I just spent way too much time figuring out why I was not receiving a notifo. I sent a request with Host: api.notifo.com:443 and got back the following 200 response (but the notifo was never sent)
HTTP/1.1 200 OK
Date: Fri, 21 Jan 2011 18:04:32 GMT
Server: Apache
Vary: Accept-Encoding
Content-Length: 0
Connection: close
Content-Type: text/html
When I forced my HTTP client to omit the port number in the Host header the service worked as expected. Sending the port number is perfectly valid per RFC2616, so I hope this is just an oversight. I'd also hope for a non-2xx code in the event that the request is going to be dropped. Cheers,
Adam
Hi Chad, sorry for the long delay. I'm using https://github.com/cmullaparthi/ibrowse to make the request in production.
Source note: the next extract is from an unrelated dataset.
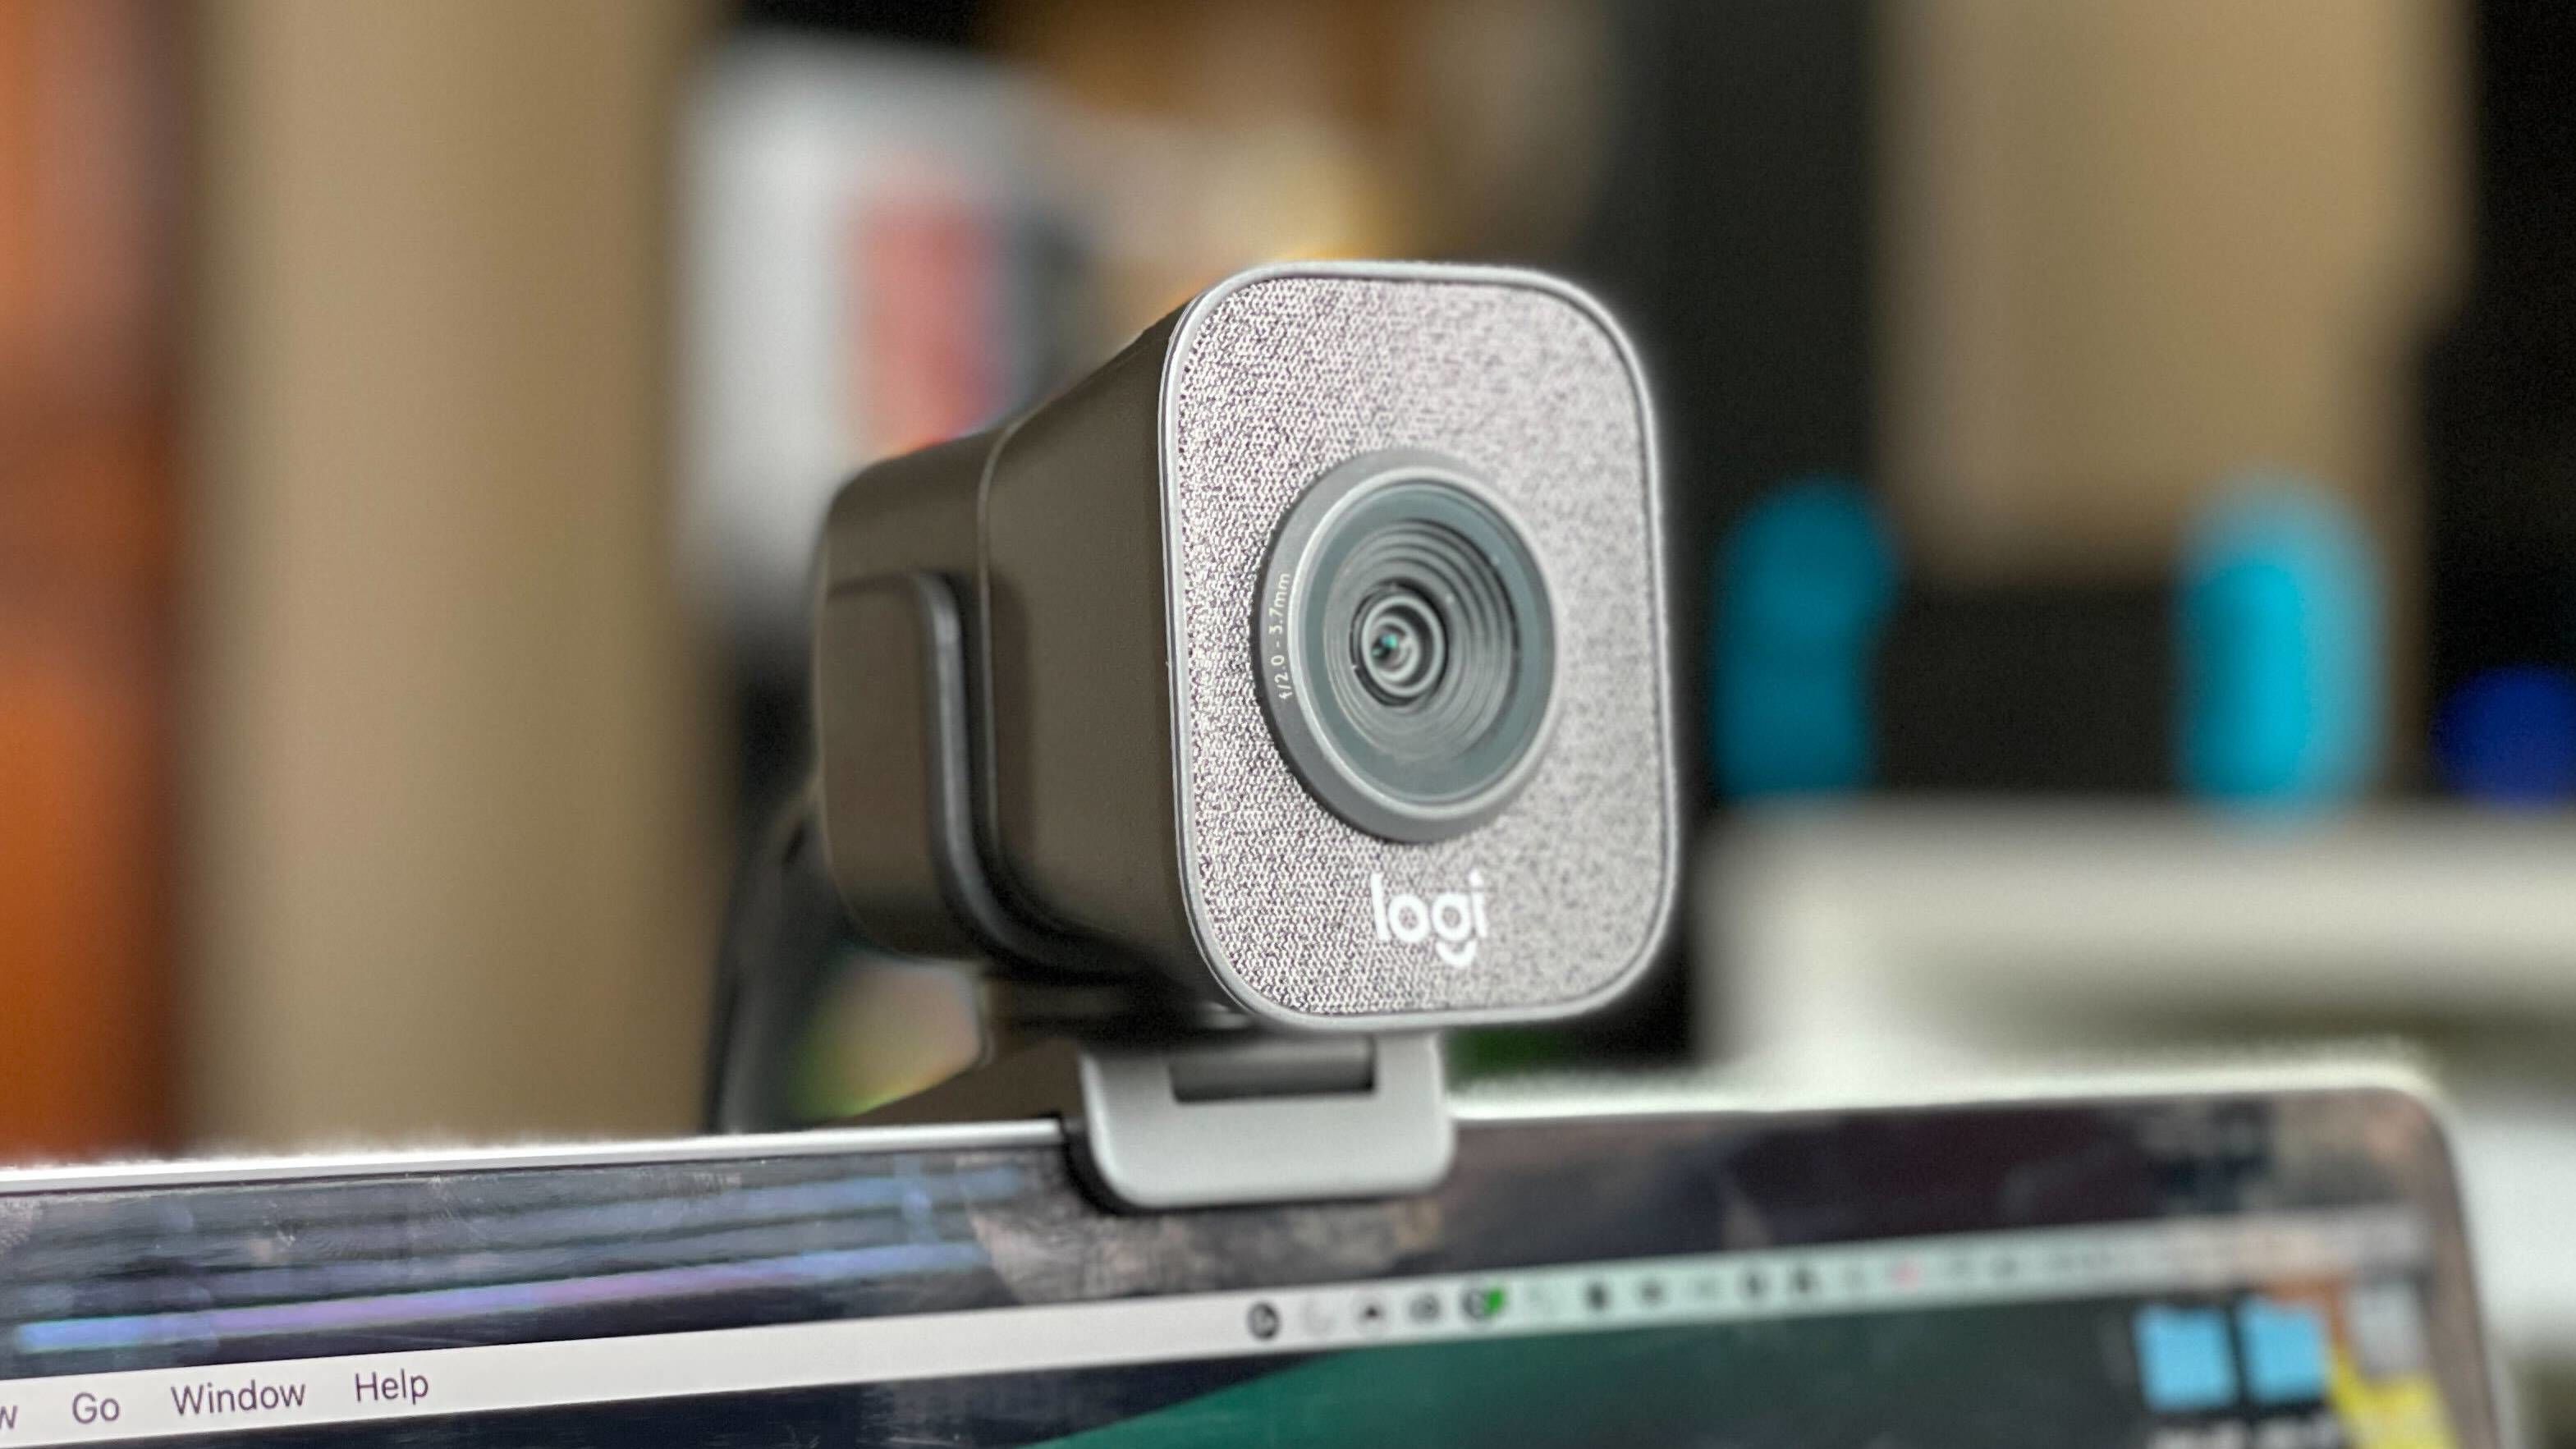 Review: Logitech StreamCam is designed with content creators in

If you turn on the verbose flag in your curl command you should see that curl actually suppresses the port number in the Host header when you make a request to ports 80 and 443, even if you explicitly add it to the URL. On the other hand you can craft the Host header yourself, and in this case the request will fail. For example:
curl -v https://cloudant:****@api.notifo.com/v1/send_notification -d 'to=kocolosk&message=test' -H 'Host: api.notifo.com:443'
I have just encountered the same problem attempting to send notifications from within Logitech Media Server (aka SlimServer, SqueezeCenter or Squeezebox Server). Unfortunately there doesn't appear to be an easy way to prevent its Slim::Networking::SimpleAsyncHTTP or Slim::Networking::Async::HTTP library from adding the port number to the Host header.
Are there any plans to modify the Notifo server to cope with the port number being specified in the Host header?